REQUIREMENT
Extract the lines beginning at the one that holds "Alternative hosts associated" and ending at the final line of the material below, keeping them exact and leaving out all pictures.

RAW DATA
────────────────────

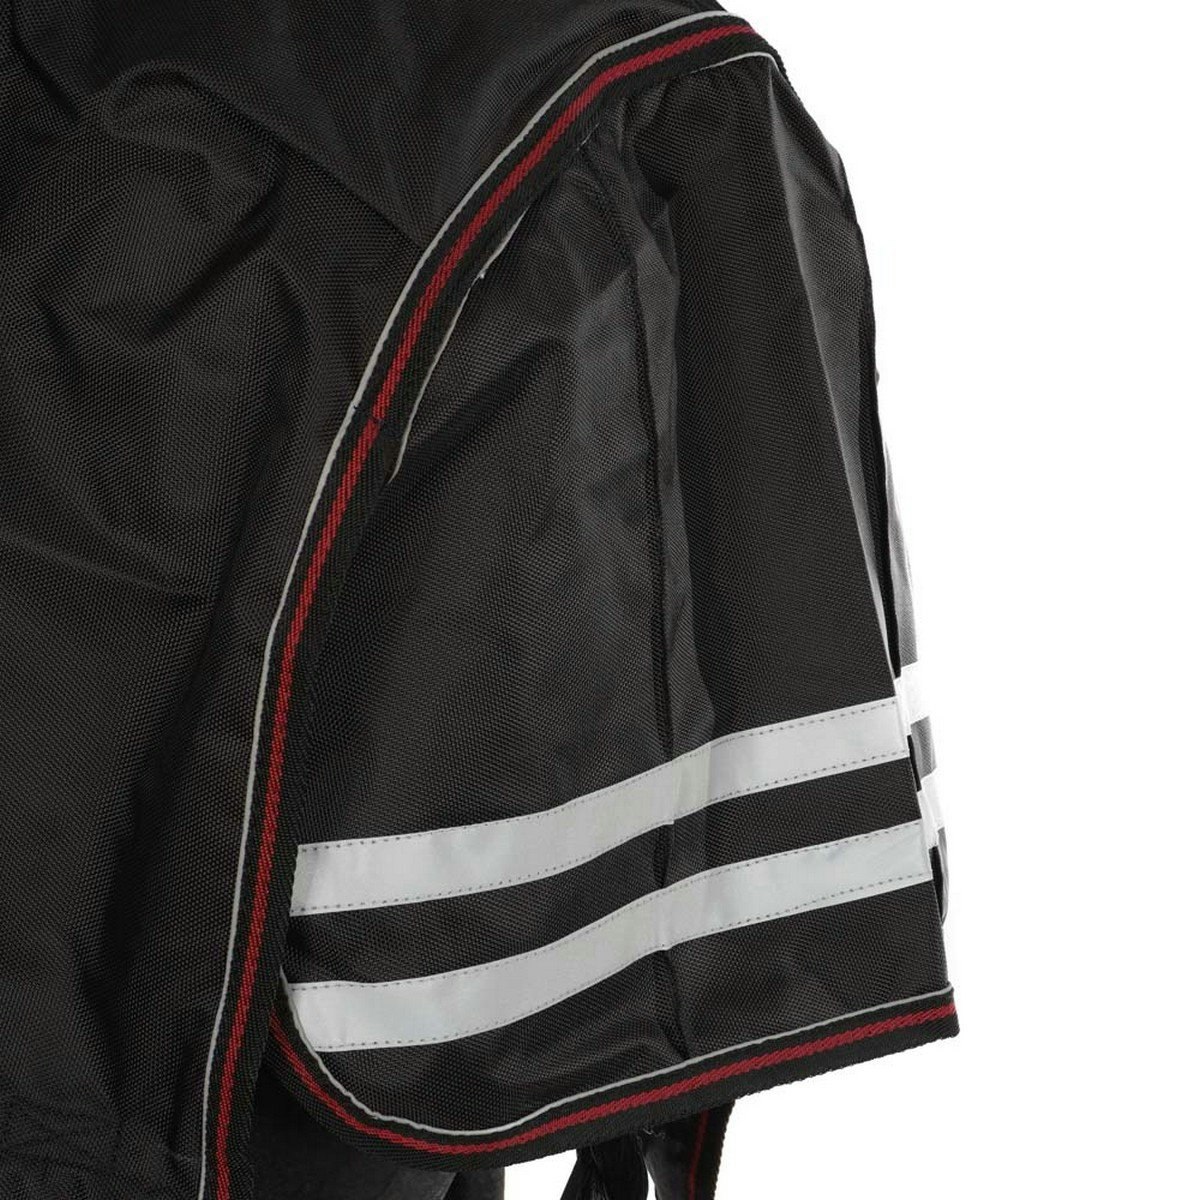 CATAGO Endurance Outdoor-täcke, svart
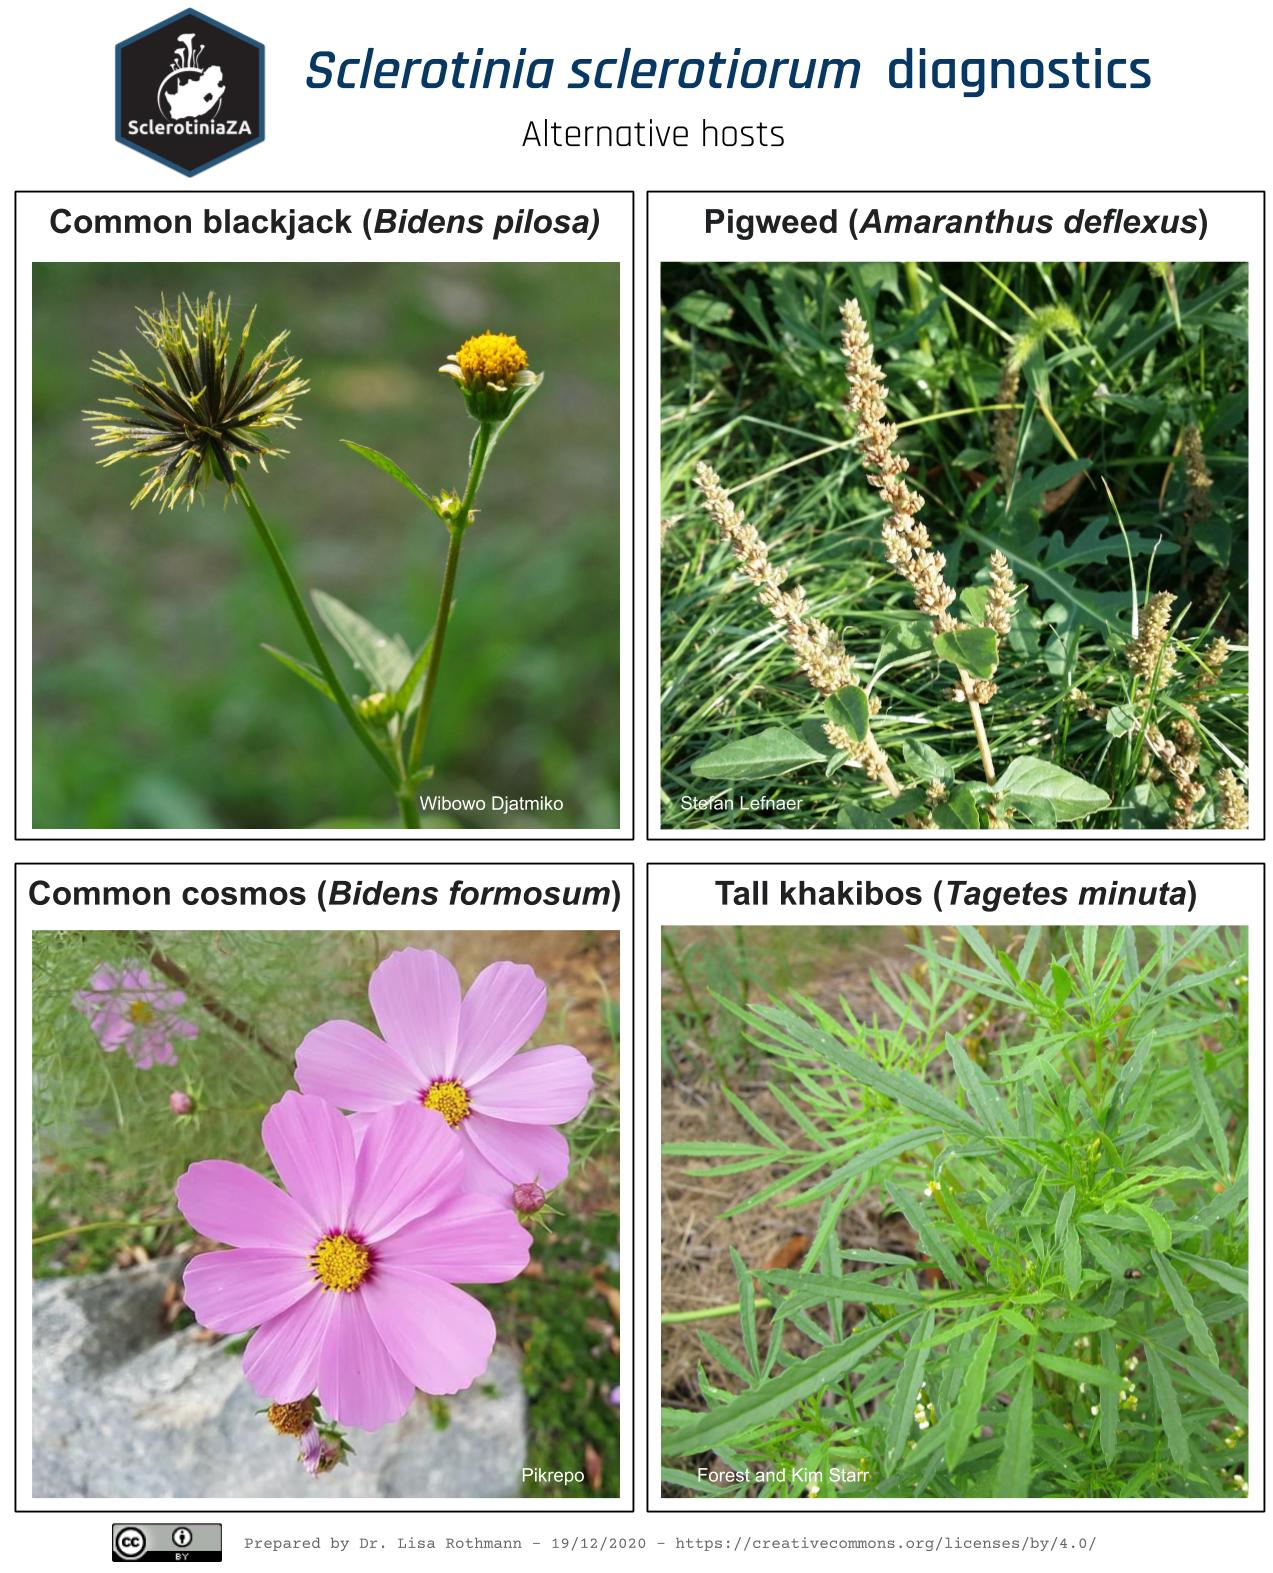 Alternative hosts associated with Sclerotinia sclerotiorum - weeds
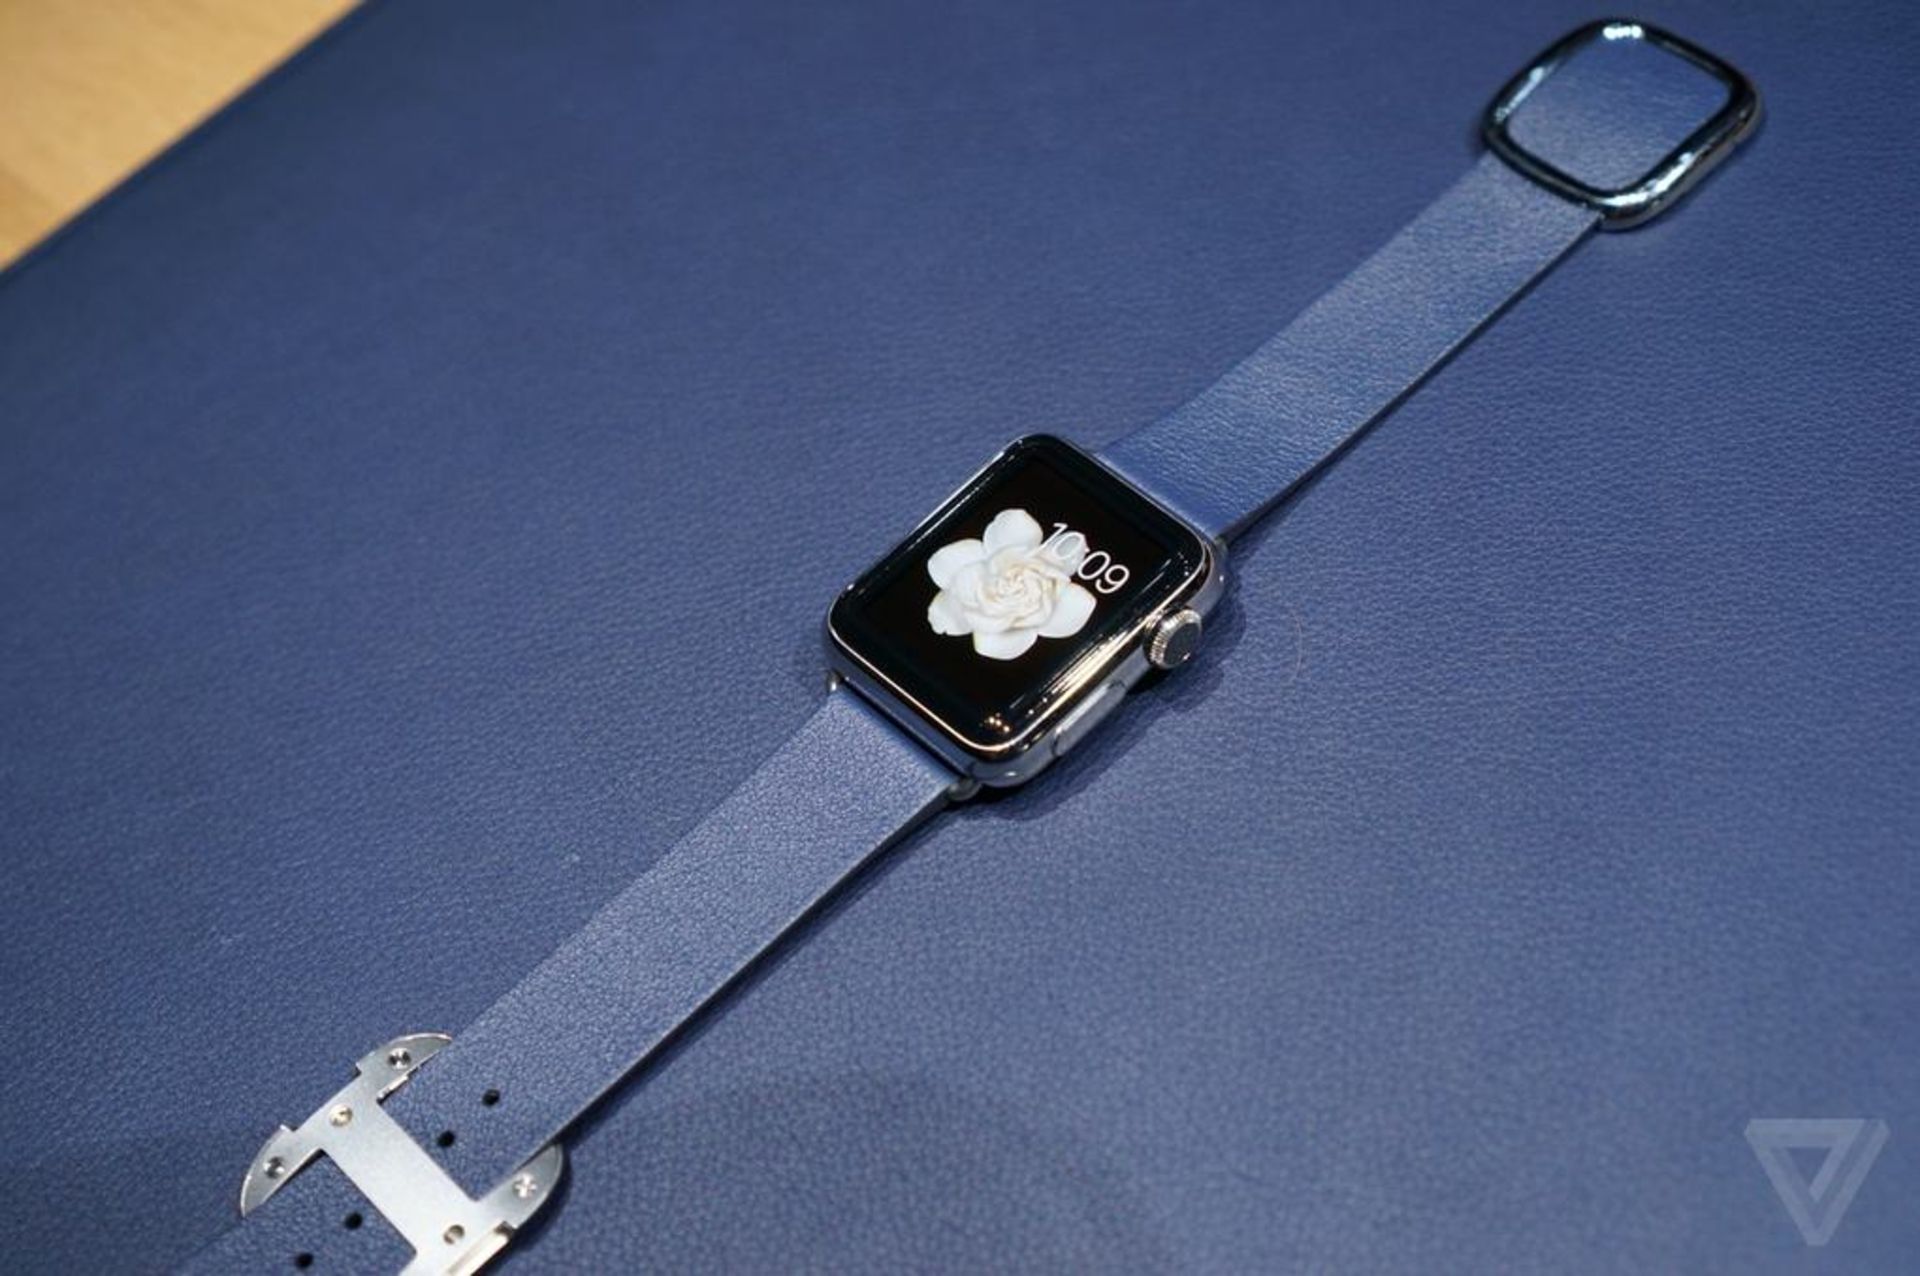 apple-watch-theverge-8 1320 verge super wide
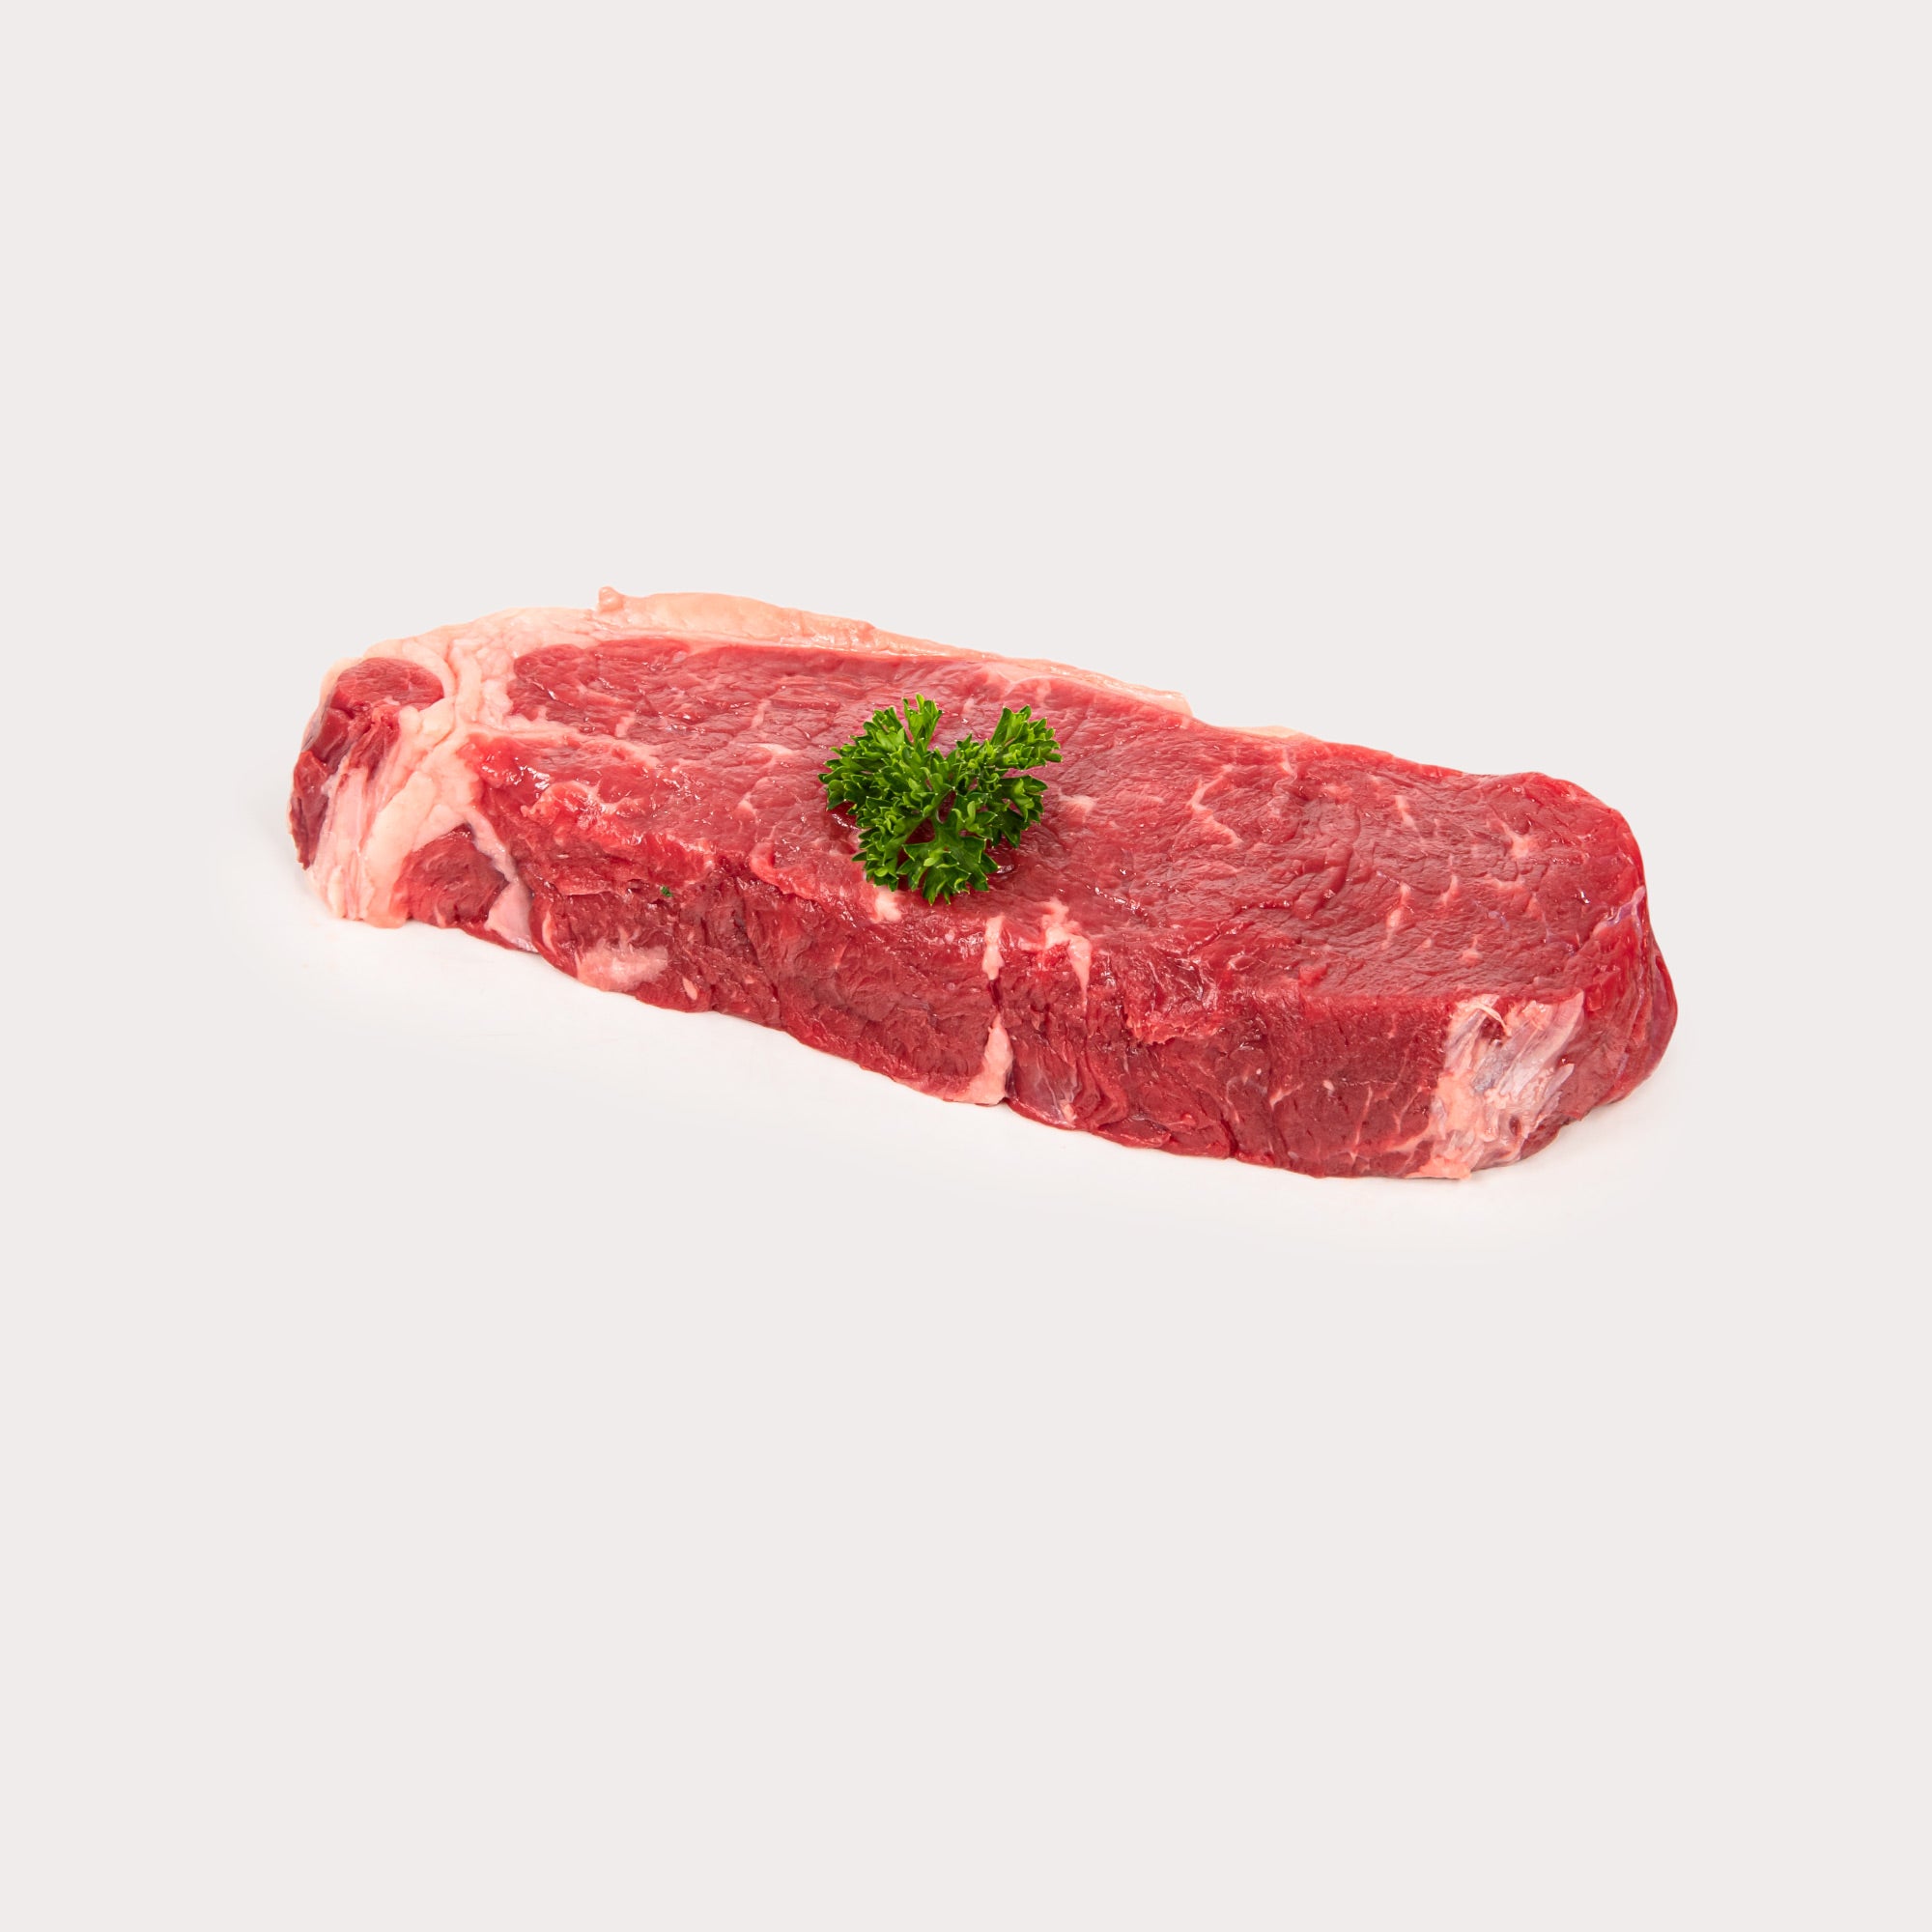 Grass-Fed Free Range New York Steak, 7oz

────────────────────

RESULT
 Alternative hosts associated with Sclerotinia sclerotiorum - weeds
 apple-watch-theverge-8 1320 verge super wide
 Grass-Fed Free Range New York Steak, 7oz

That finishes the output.